New class of advisers limited to prudentially regulated products: Jones
Licensees will be free to charge a direct fee for advice given by a new class of diploma-qualified advisers according to Financial Services Minister Stephen Jones, who unveiled further details of the government’s second tranche of Delivering Better Financial Outcomes reforms on Tuesday night.
The new class of advisers will give advice access to a broader swathe of Australians at a lower cost than the current “professional” model, Jones explained, but the new advisers will be limited to providing advice on products issues by prudentially regulated entities such as superannuation funds and banks.
“They will be prevented from providing advice on more complex topics, such as establishing a self-managed superannuation fund or advising on a managed investment scheme, through a blacklist to be prescribed in regulations,” Jones said.
While this directive will effectively ringfence the product scope for new advisers, it will also limit the benefit to licensees serving professional advisers, who often recommend managed investment schemes to clients.
The minister made clear the government’s intent to keep a bright line between professional, ASIC-registered advisers and the (as yet unnamed) new class of advisers, who are set to meet the equivalent RG-146 qualifications ASIC-registered advisers were formerly required to meet.
“It is the government’s vision that the new class of adviser serves as one entry-point to rebuild the financial advice profession, and the government remains committed to reforming the broader education pathways for financial advisers,” Jones (pictured) added.
He also warned that while new advisers will be encouraged to give clients “nudges” towards specific actions such as life event activities (reaching retirement age, for example), hawking will not be permitted. New advisers will also be held accountable to a modernised version of the best interests duty, and will be prohibited from charging ongoing fees or receiving commissions.
Among the other changes to the advice ecosystem, Jones confirmed the new best interests duty will provide legal scope for limited advice if it meets the client’s needs. As promised in the draft regulation, the safe harbour steps will be removed and Statement of Advice documents will be reformed.

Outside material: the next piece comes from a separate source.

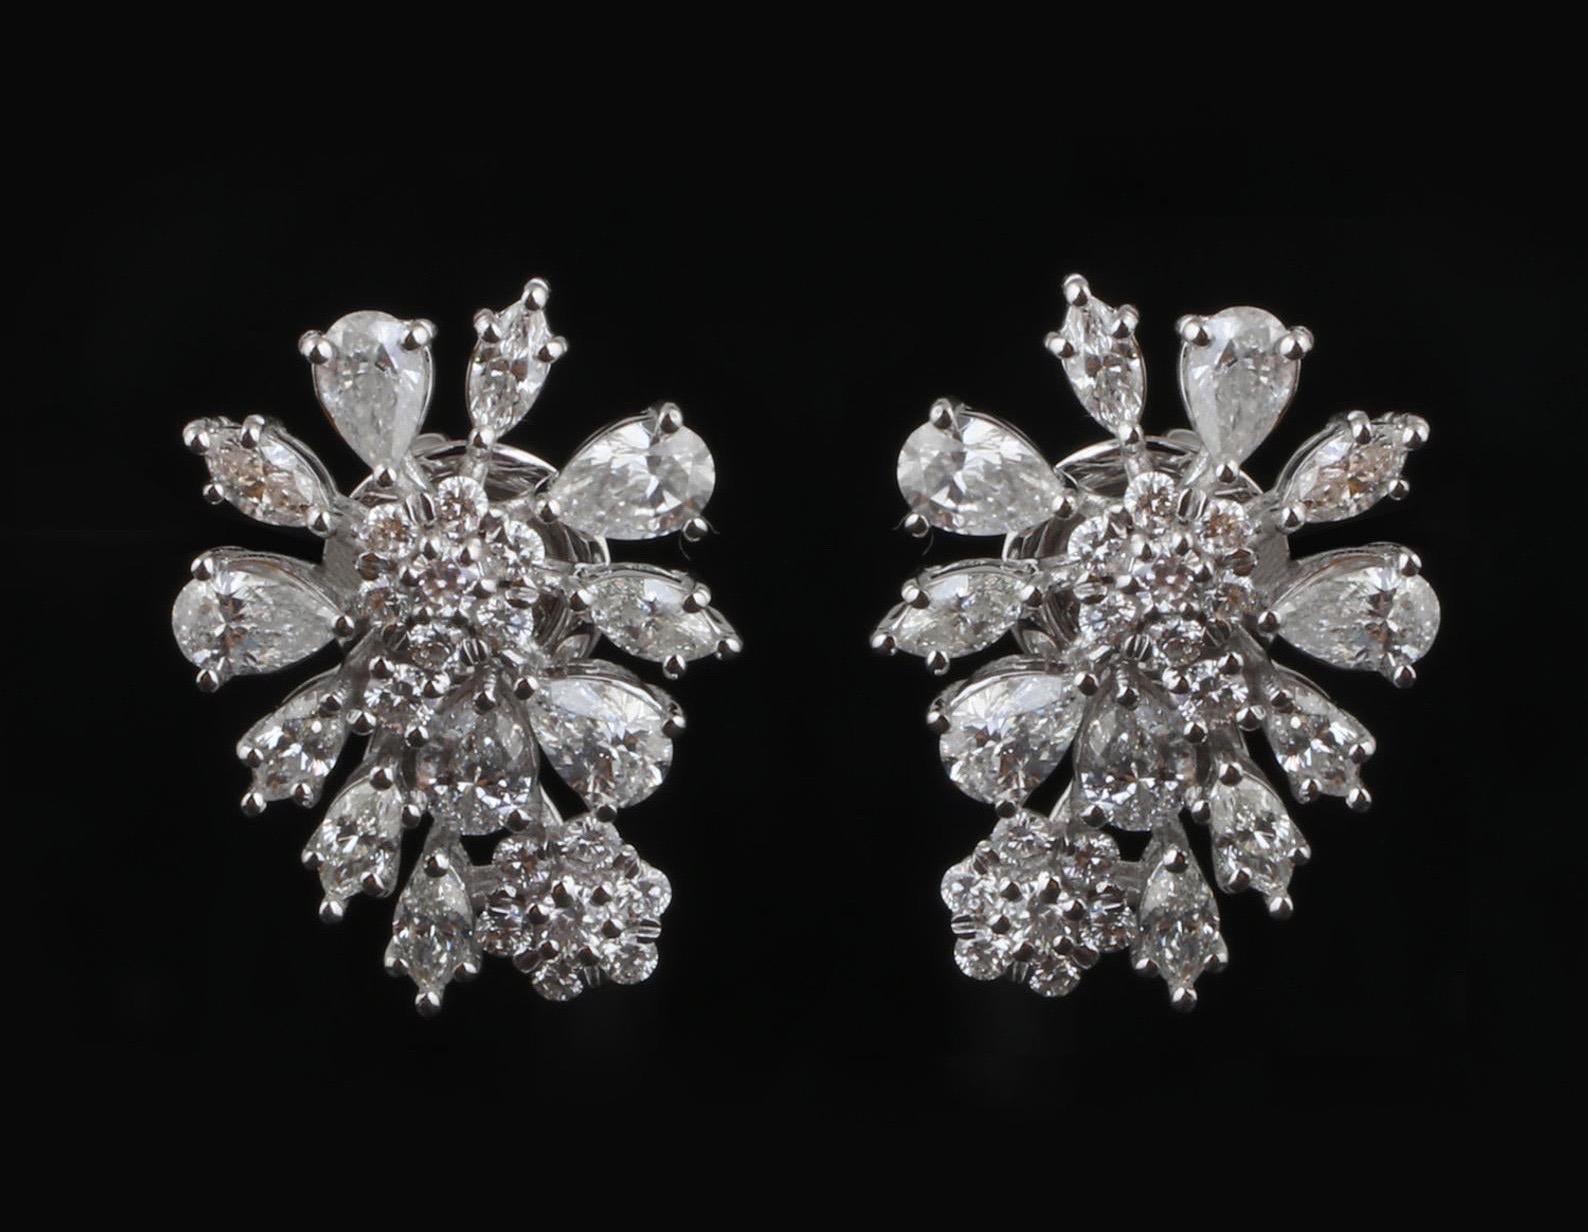 Cast in 14 karat white gold. These stunning stud earrings are handset with 2.15 carats of sparkling diamonds. Sweep hair off your face to really let them shine.

FOLLOW MEGHNA JEWELS storefront to view the latest collection & exclusive pieces.

The full list of reforms in the second tranche of the SBFO package is below:
- create a new class of adviser to provide safe and simple advice to more Australians, such as choosing an insurance policy or basic questions about retirement;
- modernise the best interests duty by providing legal clarity that will allow advice on single or limited scope issues if this meets the client’s needs;
- remove the safe harbour steps so advisers can focus on their client’s needs – though well intentioned, the safe harbour steps have become interpreted to mean financial advice must always be comprehensive, even if that is not in the client’s interests;
- reform statements of advice so they help consumers make informed decisions;
- clarify the rules on what advice topics can be paid for through superannuation, including through collectively charged arrangements; and
- allow superannuation funds to provide helpful ‘nudges’ to drive greater member engagement at key life stages.
Industry response
Much of the announcements made by Jones were already baked into previous versions of the government’s DBFO reform suite, and while no major surprises were dropped, industry stakeholders were generally supportive of the changes.
That support was conditional, however, with final details to be announced soon according to the government.
The Financial Advice Association Australia (FAAA) said it was “cautiously positive” on the second tranche of reforms, but reserved its assessment for those final details.
“We are looking forward to seeing further detail on how these reforms will work, beyond the high level provided in today’s announcement,“ chief executive Sarah Abood said. “Nevertheless, it is good to see the government’s announcement addresses a number of the concerns that the FAAA has identified during earlier consultation.”
The FAAA said it was pleased the government had approved the new class of adviser (NCA) as a pathway to becoming a professional adviser, with the diploma qualification required (equivalent to AQF5) to also count towards equivalent degree qualifications.
“It’s extremely important that the education for NCAs can count towards a full financial planning degree, and that the NCAs of today can become the professional financial advisers of the future,” she said.
The institutional providers and their representatives set to provide the new class of advice to their cleints and members were effusive in their praise of the reforms. Insurance provider TAL called the announcement a “win” for Australians while MLC Life Insurance called the reforms “essential”.
Similarly, the Association of Superannuation Funds of Australia said the reforms were a “true collaboration and testament to the broad commitment” of those involved in the consultation.